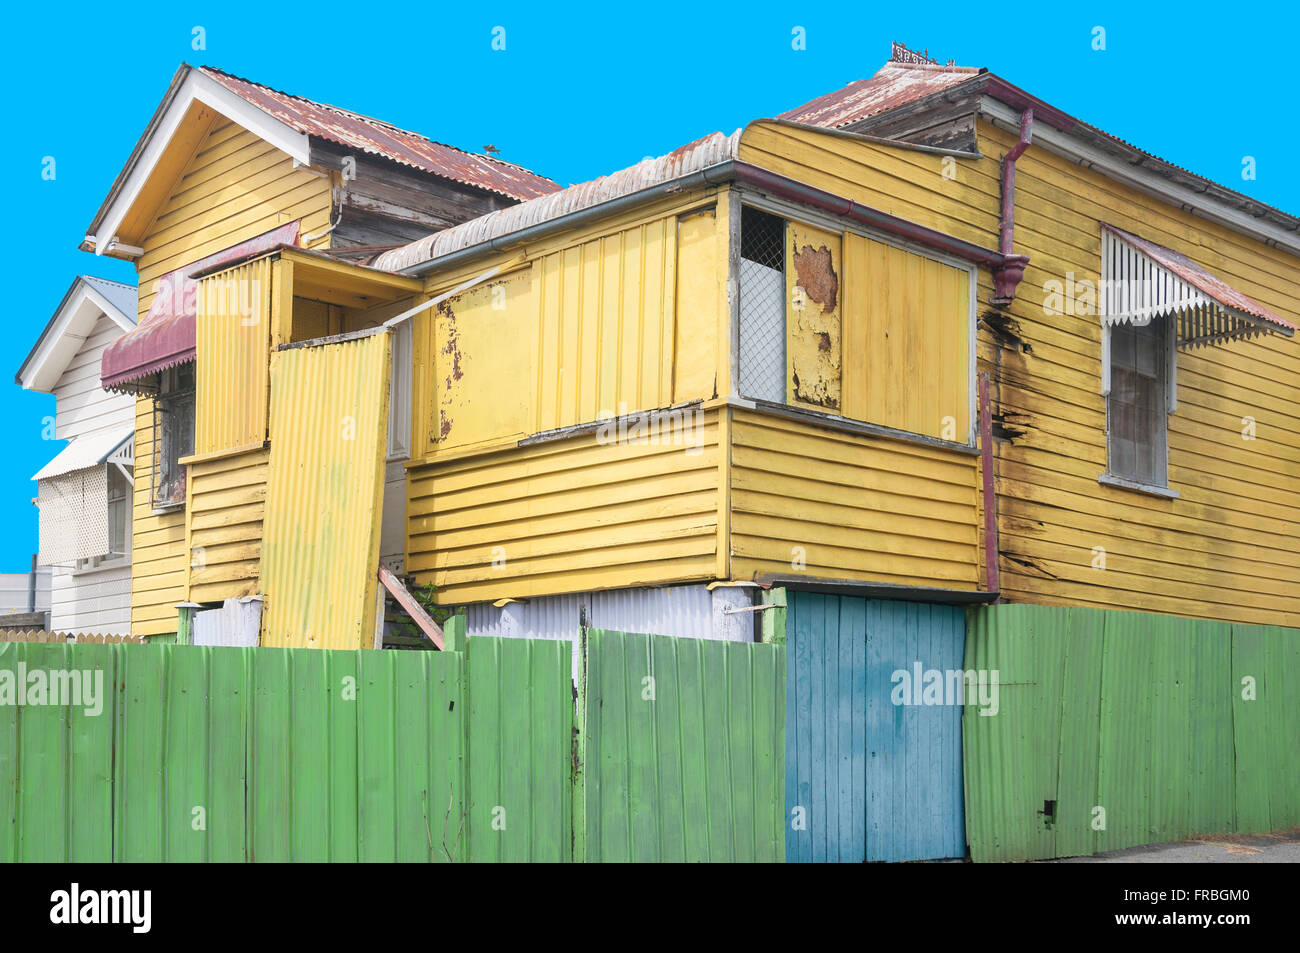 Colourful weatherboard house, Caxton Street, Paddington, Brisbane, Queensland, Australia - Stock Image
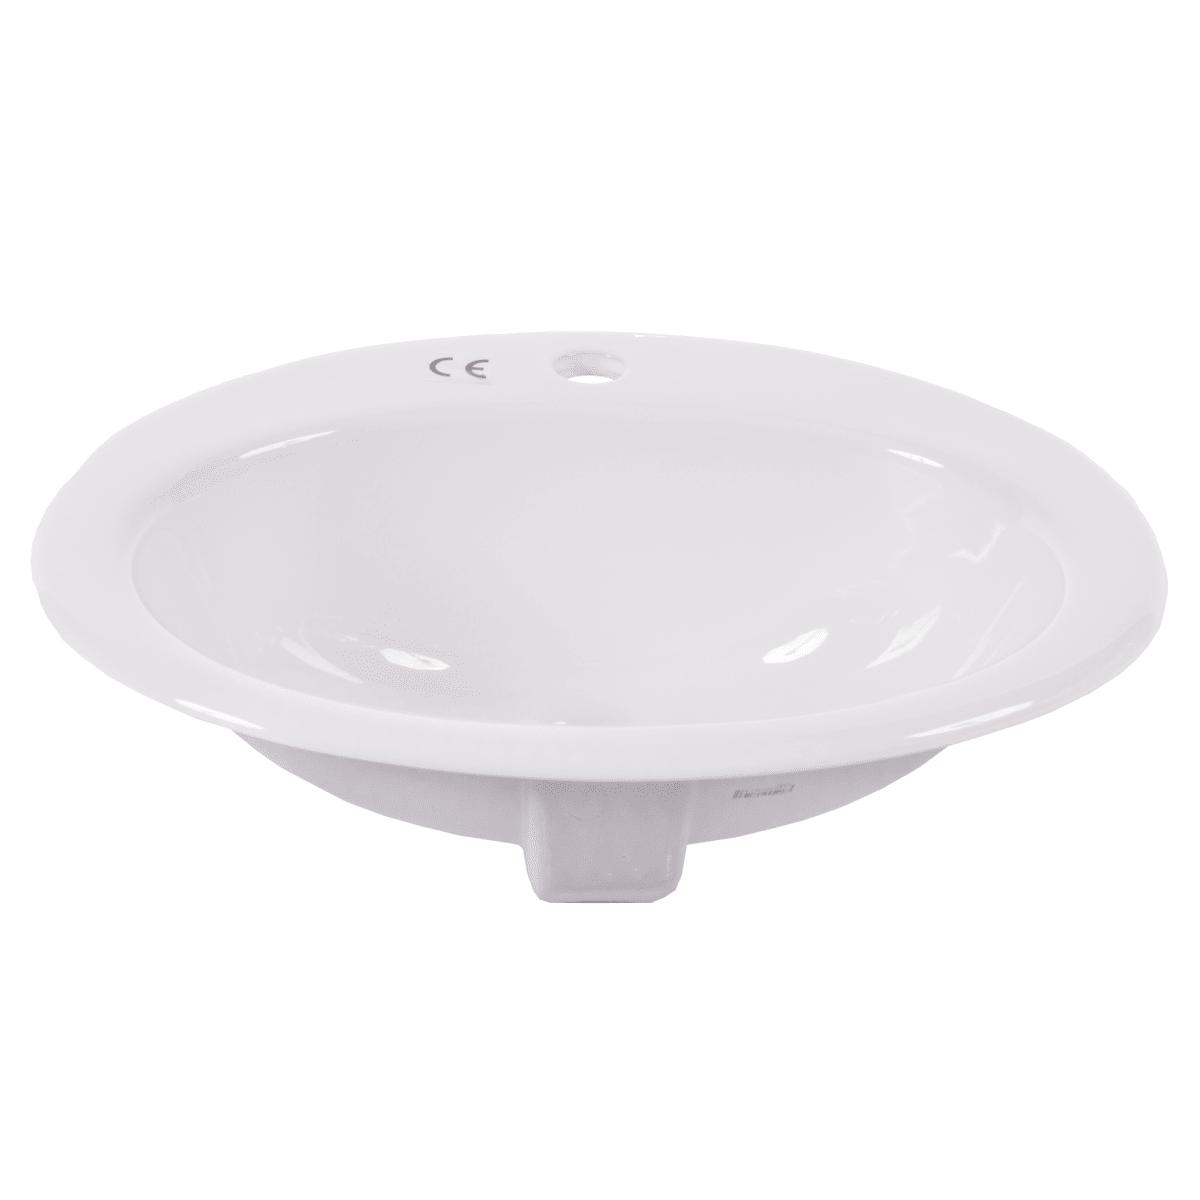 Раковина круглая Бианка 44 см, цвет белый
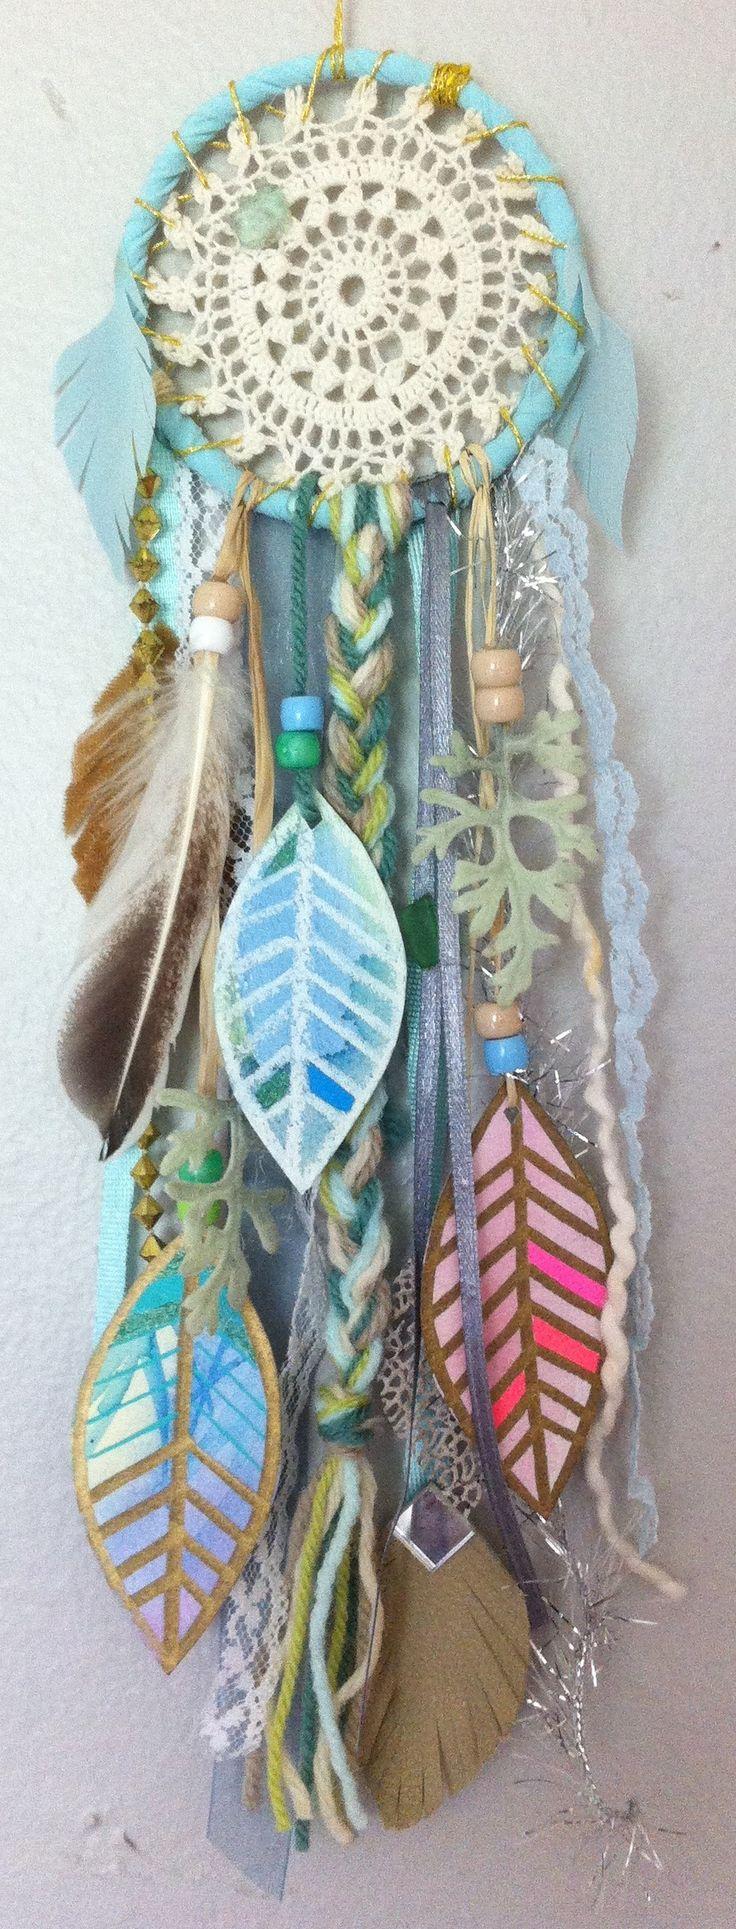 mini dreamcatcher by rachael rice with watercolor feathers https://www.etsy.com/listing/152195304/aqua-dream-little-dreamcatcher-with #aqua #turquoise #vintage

***

» **Activity**: Skipping any pictures, transcribe the full listing exactly.

» **Answer area**:
 Colourful weatherboard house, Caxton Street, Paddington, Brisbane, Queensland, Australia - Stock Image
 Раковина круглая Бианка 44 см, цвет белый
 mini dreamcatcher by rachael rice with watercolor feathers https://www.etsy.com/listing/152195304/aqua-dream-little-dreamcatcher-with #aqua #turquoise #vintage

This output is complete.